The Tithonia, also known as The Mexican Sunflower is a member of the Daisy family and native to Mexico and Central America where it grows in the brush or among the scrubby grasses at the sides of roads or forests. Spanish explorers discovered the plant during their early excursions into Mexico and brought it back to Europe in the 1500's. By the 1700's it was being grown in the United States and Thomas Jefferson had included it in his Monticello gardens.
In the wild, the plant grows to 6 or more feet on stems which can be hairy. It produces orange-yellow, daisy-like flowerheads. The cultivated plant grows to a height of 3-6 feet and produces large, deep orange to rust colored blossoms that are 3-4 inches in diameter. The flowers resemble single layered dahlias. The flowers make excellent cut flowers usually lasting for well over a week. The plants are known to produce prolifically if they are routinely deadheaded.

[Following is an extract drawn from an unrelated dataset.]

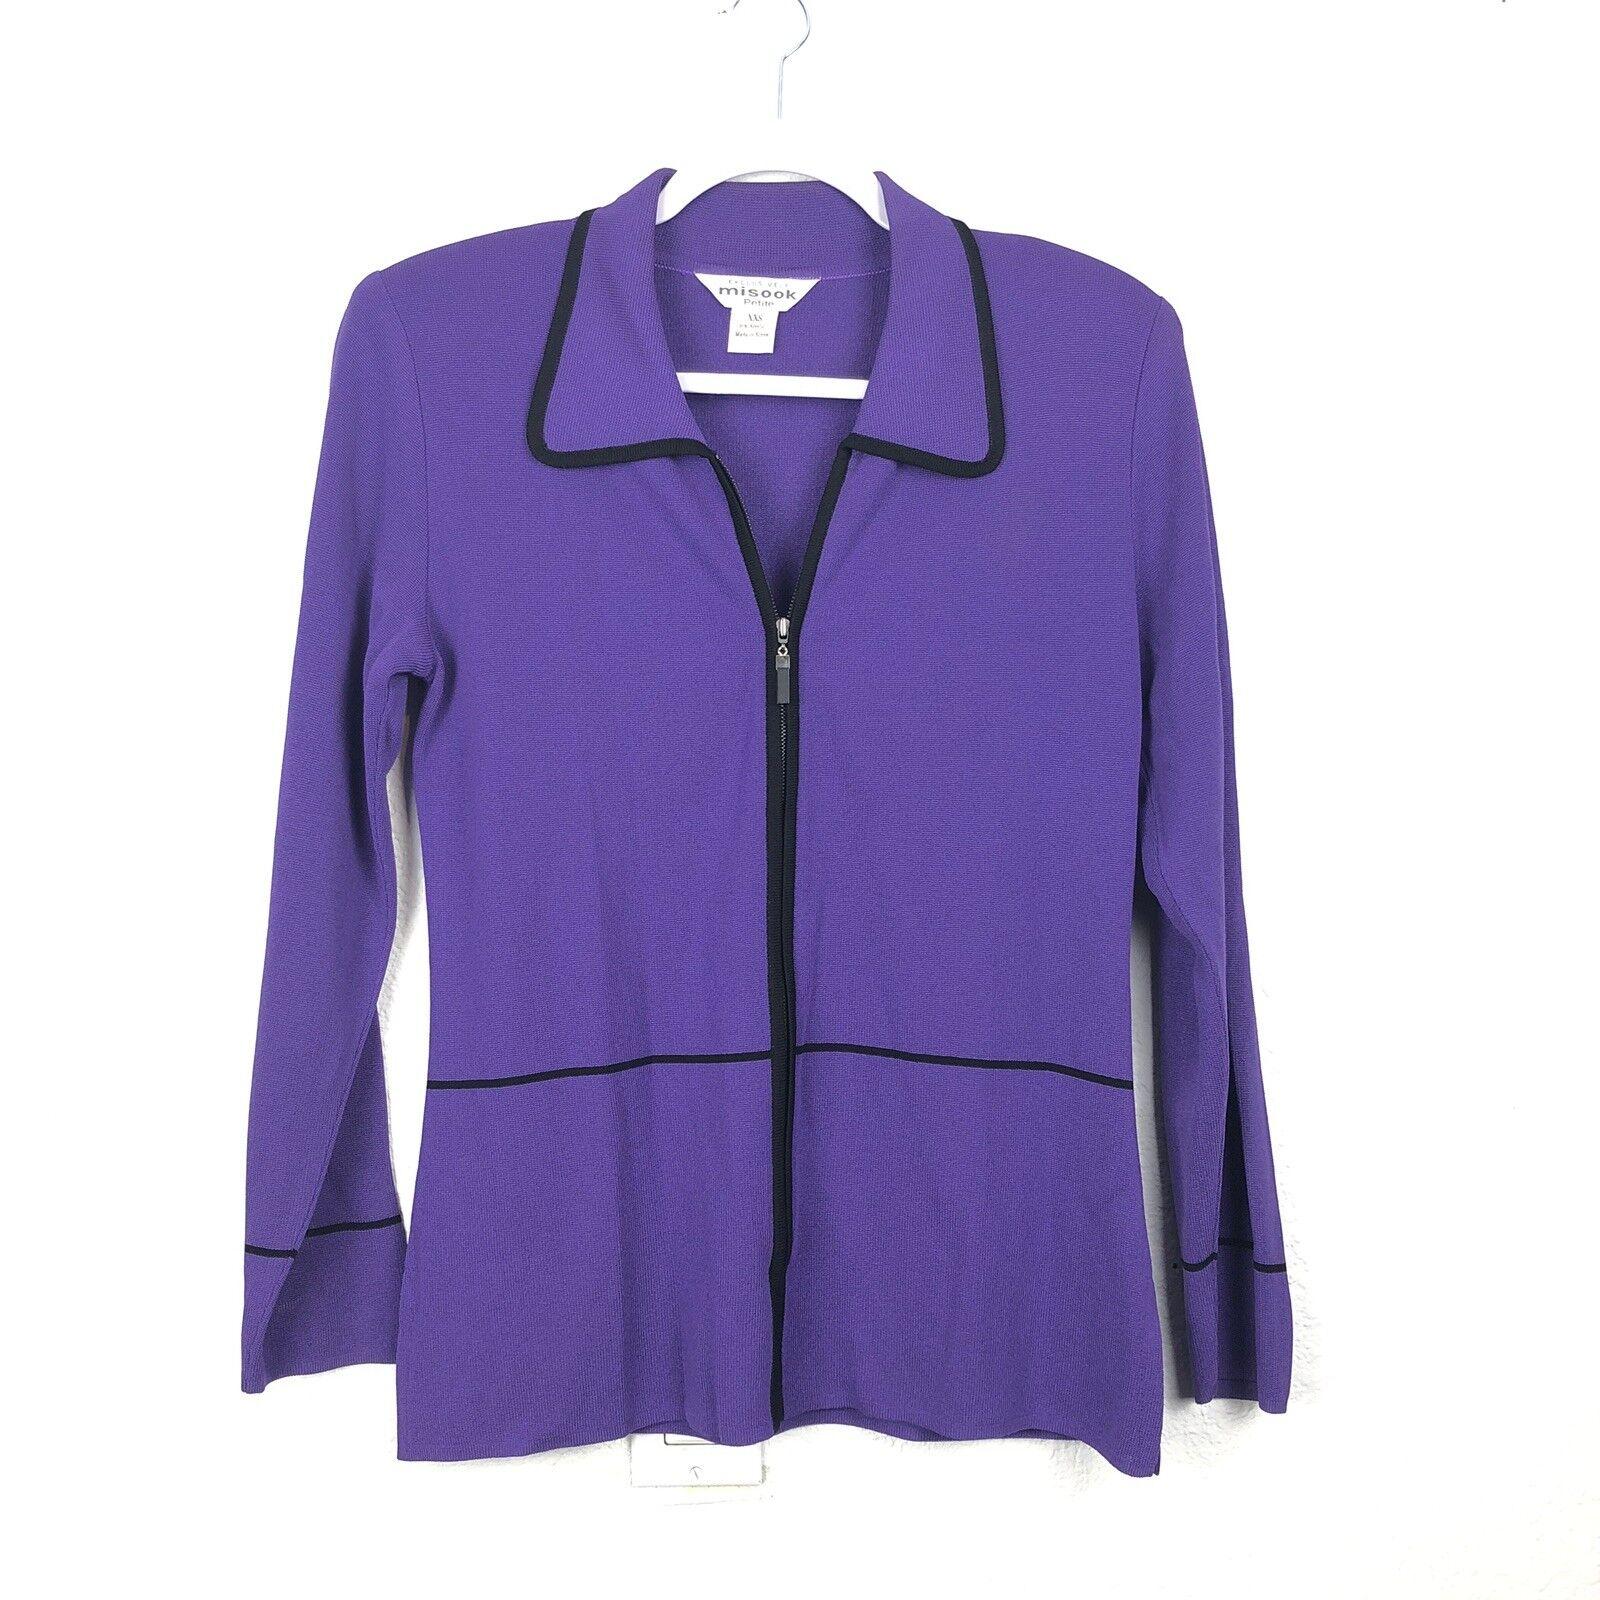 Exclusively Misook Petite damen blouse Größe Xxs lila Zip Up Cardigan (BSKT)

Mexican Sunflowers are fairly easy to grow from seed. When the danger of frost has passed, plant the seeds 1/2 inch deep. The seeds will germinate in less than 14 days. Thin seedlings to 8-12 inches. The plants will grow in many soil types, but they thrive in composted soil. The plants must also have full sun. They are extremely drought and heat tolerant and deer do not appear to like them.